▸ **SUPPLIED INFORMATION**:

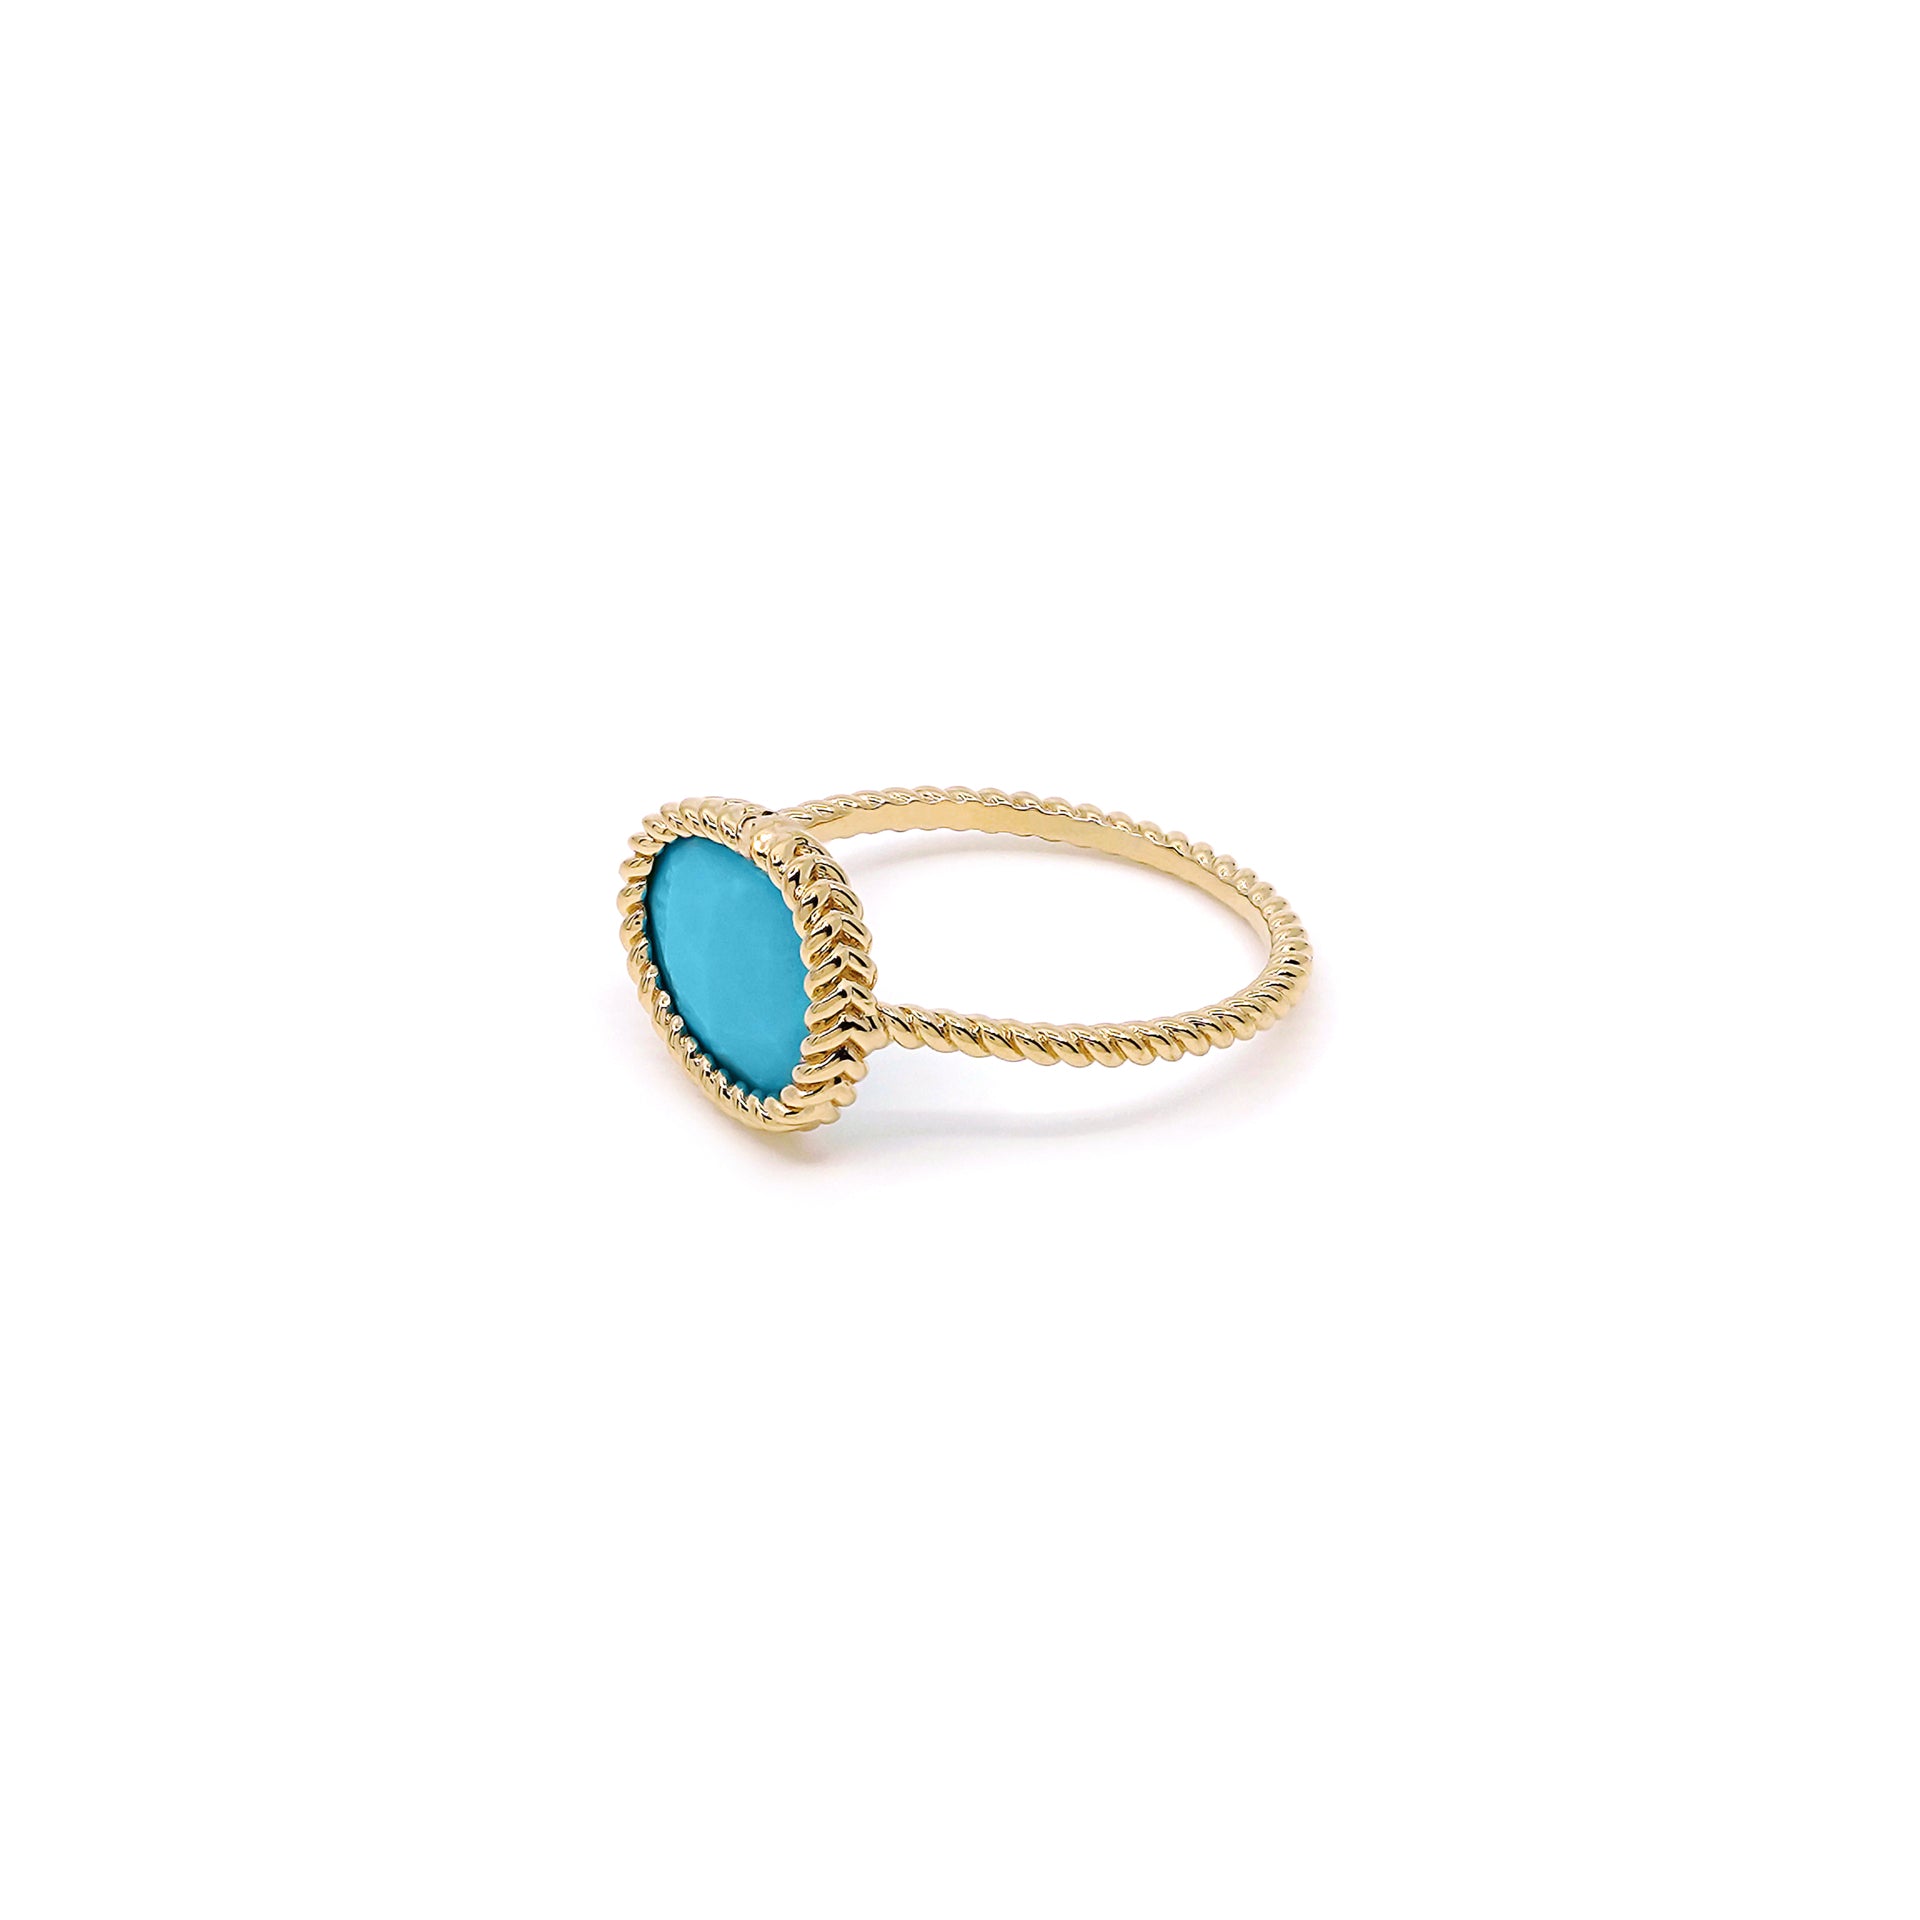 Nina Mariner Large Single Band Turquoise Ring
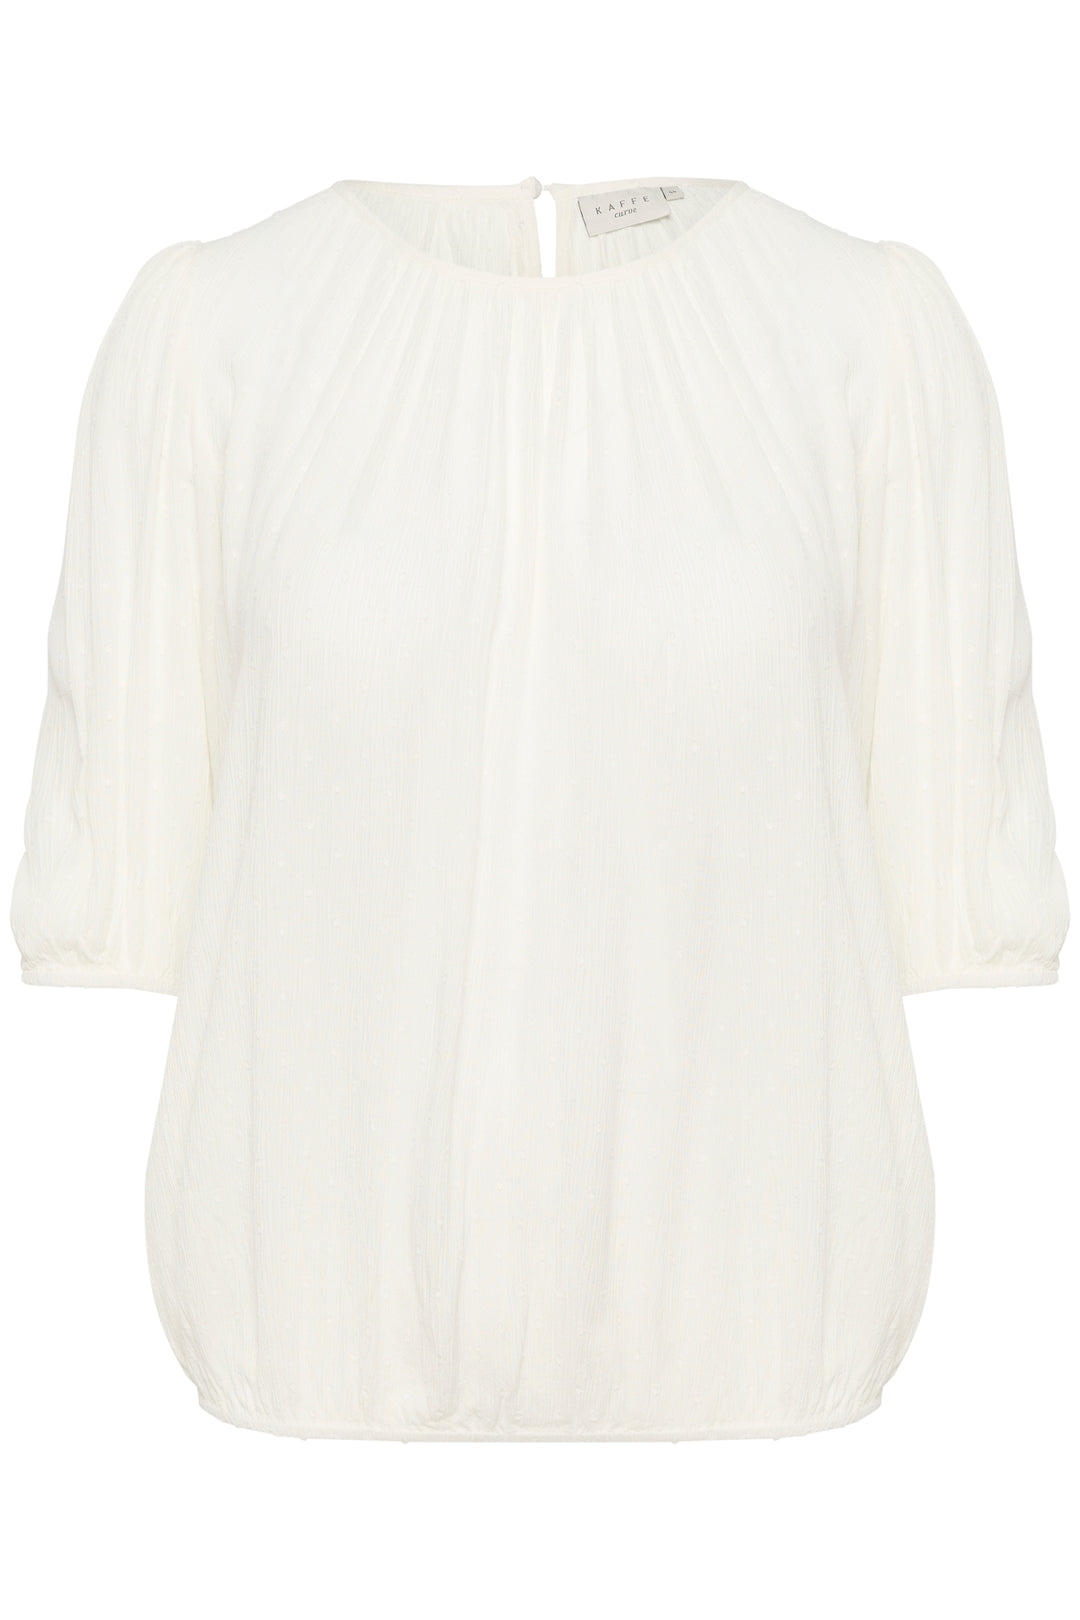 chalk white blouse van ecovero viscose - kaffe curve - - grote maten - dameskleding - kledingwinkel - herent - leuven
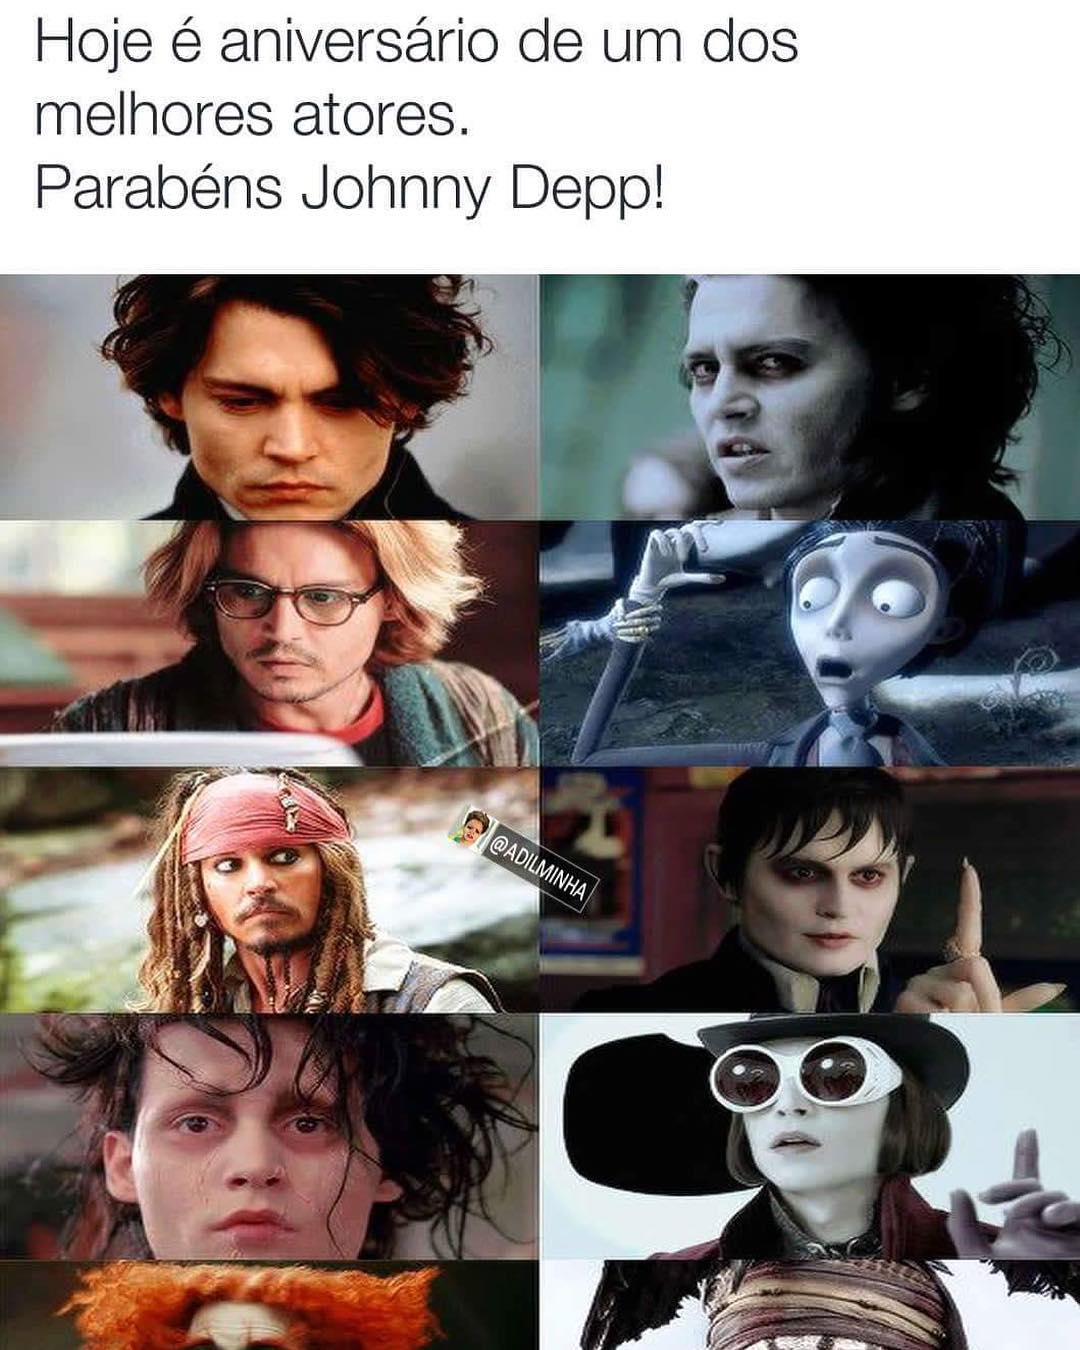 Hoje é aniversário de um dos melhores atores. Parabéns Johnny Depp!

▸ **WHAT NEEDS TO BE DONE**: Write out each line again, exactly as it appears above, except for any picture.

▸ **YOUR SOLUTION**:
 Nina Mariner Large Single Band Turquoise Ring
 chalk white blouse van ecovero viscose - kaffe curve - - grote maten - dameskleding - kledingwinkel - herent - leuven
 Hoje é aniversário de um dos melhores atores. Parabéns Johnny Depp!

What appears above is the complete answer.